Author: Mary Rosenthal
Executive Director, Algae Biomass Organization
mrosenthal@algaebiomass.org
763-458-0068

 

2 Responses

  1. A Concerned Taxpayer

    2013-11-28

    1

    MLP's did not work 8 years ago. After the stellar track record of the DOE's algae research grants why would any investor invest in Master Limited Partnerships? FACT: The DOE admits that less than 20% of all algae technologies ever get commercialized. FACT: The DOE claims algae research grant recipients have used taxpayer dollars for personal use. FACT: With 60 years of algae reasearch not one algae rsearcher at any university has commercialized anything. FACT: 51% of all algae research grants have been cut in 2013. FACT: The Inspector Generals office is investigating research grants, use and results. FACT: "Washington, the DOE's Inspector General published a 24-page Follow-up Audit of the Department of Energy's Financial Assistance for Integrated Biorefinery Projects", which found that "despite over 7 years of effort and the expenditure of about $603 million, the Department had not yet achieved its biorefinery development and production goals." Biofuel Digest - September 18, 2013"
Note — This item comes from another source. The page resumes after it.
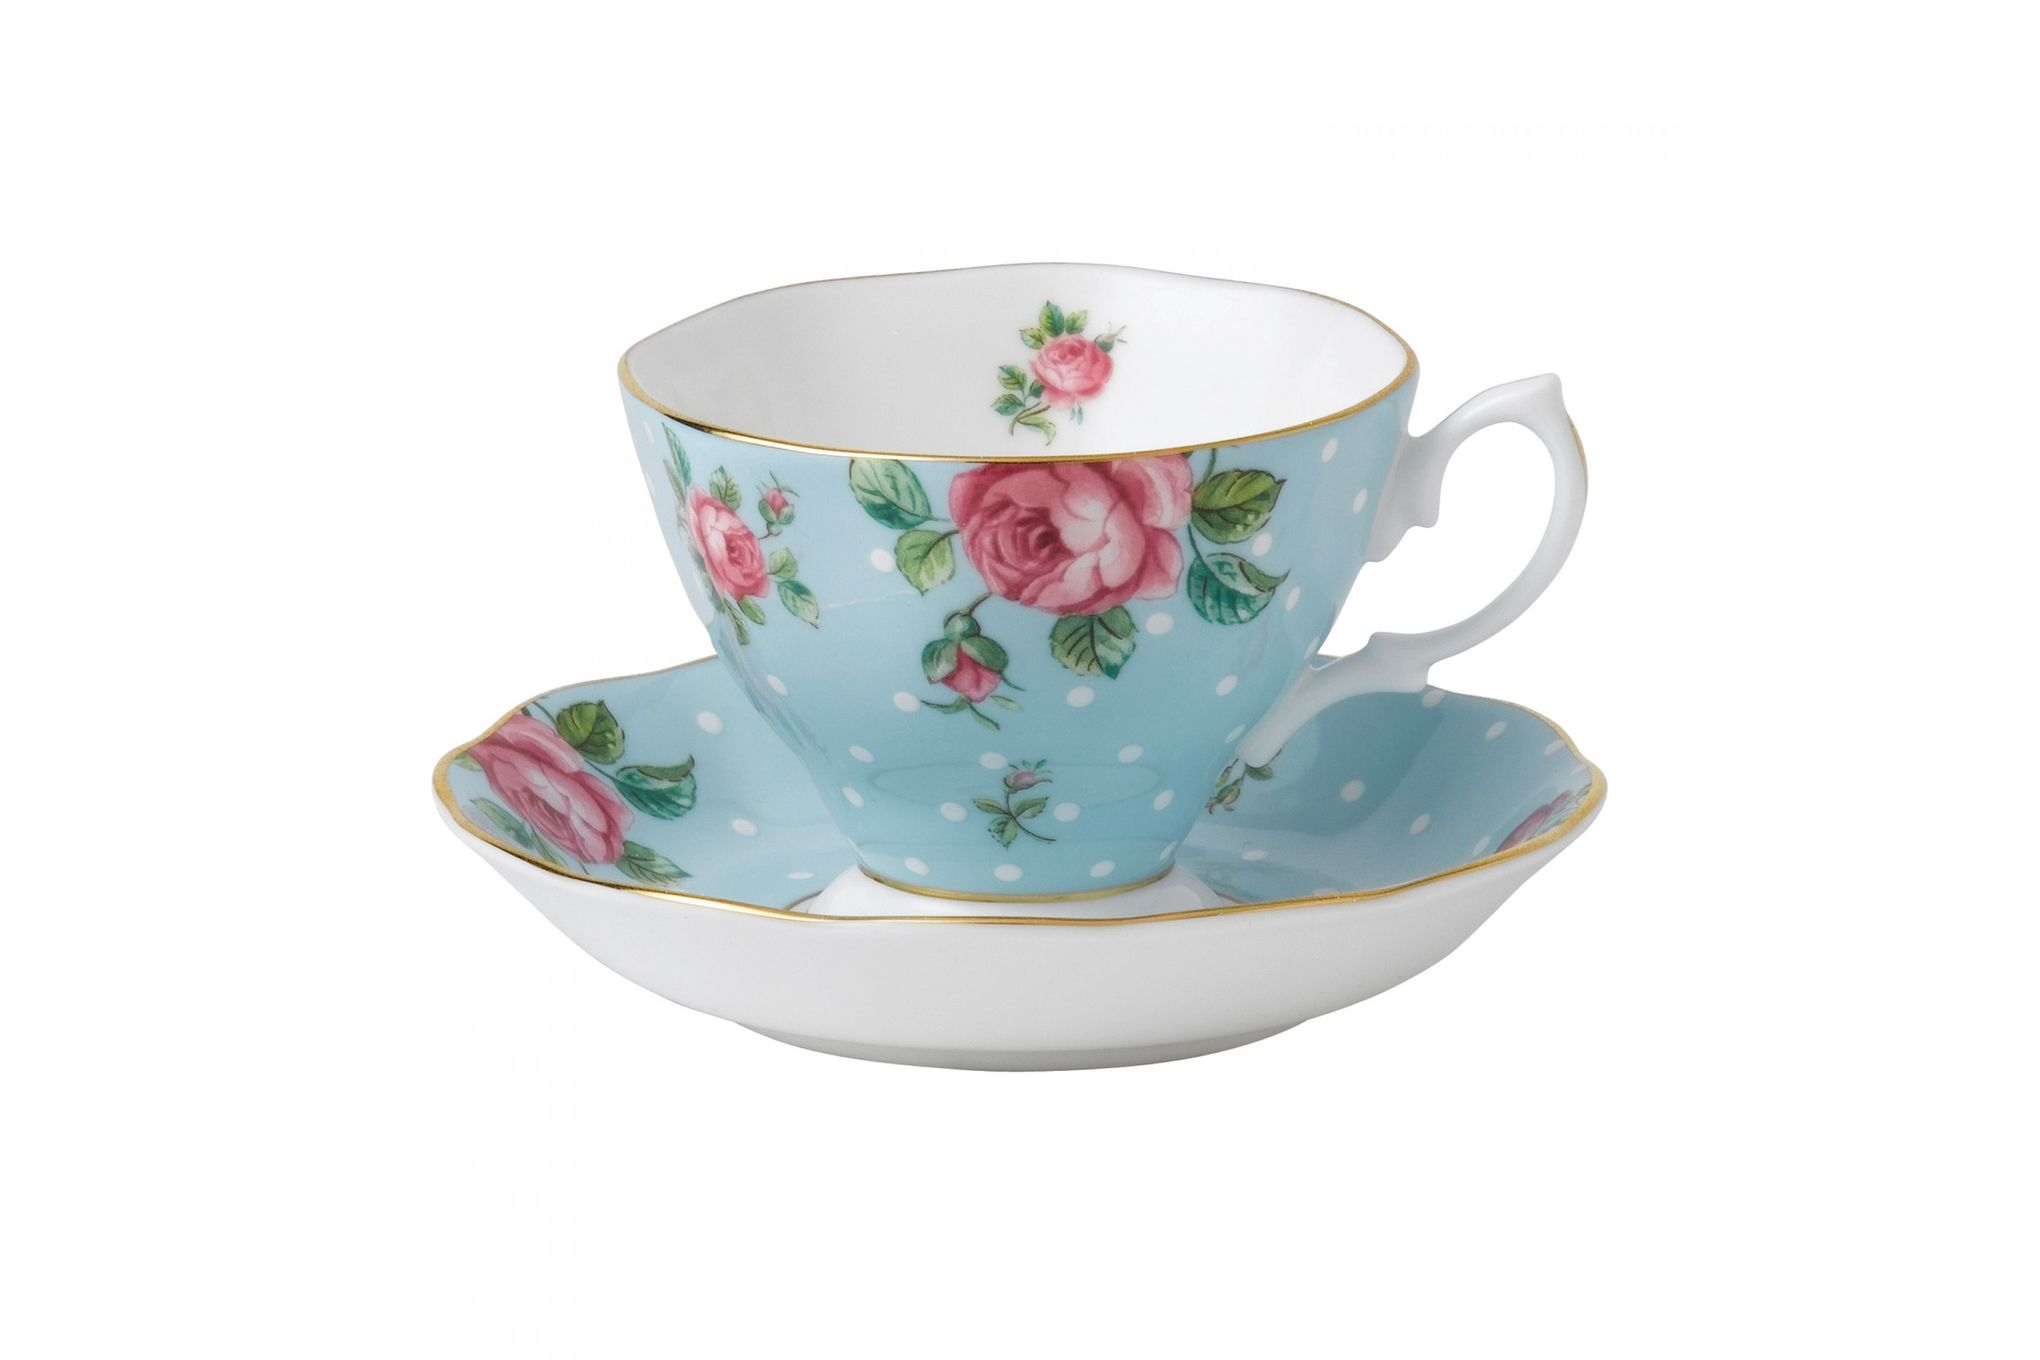 Royal Albert Polka Blue Teacup & Saucer Boxed thumb 1

  2. Richard Rodriguez CPA

    2013-11-30

    2

    MLP's may be good for green energy projects provided the govt does not regulate trading rules and provided the obama administration could not use this as a tax revenue source for obamacare. Any investor could also say this sounds like another mortgage debacle bubble emerging. Gurantee company funding and trading? What does the investment community say?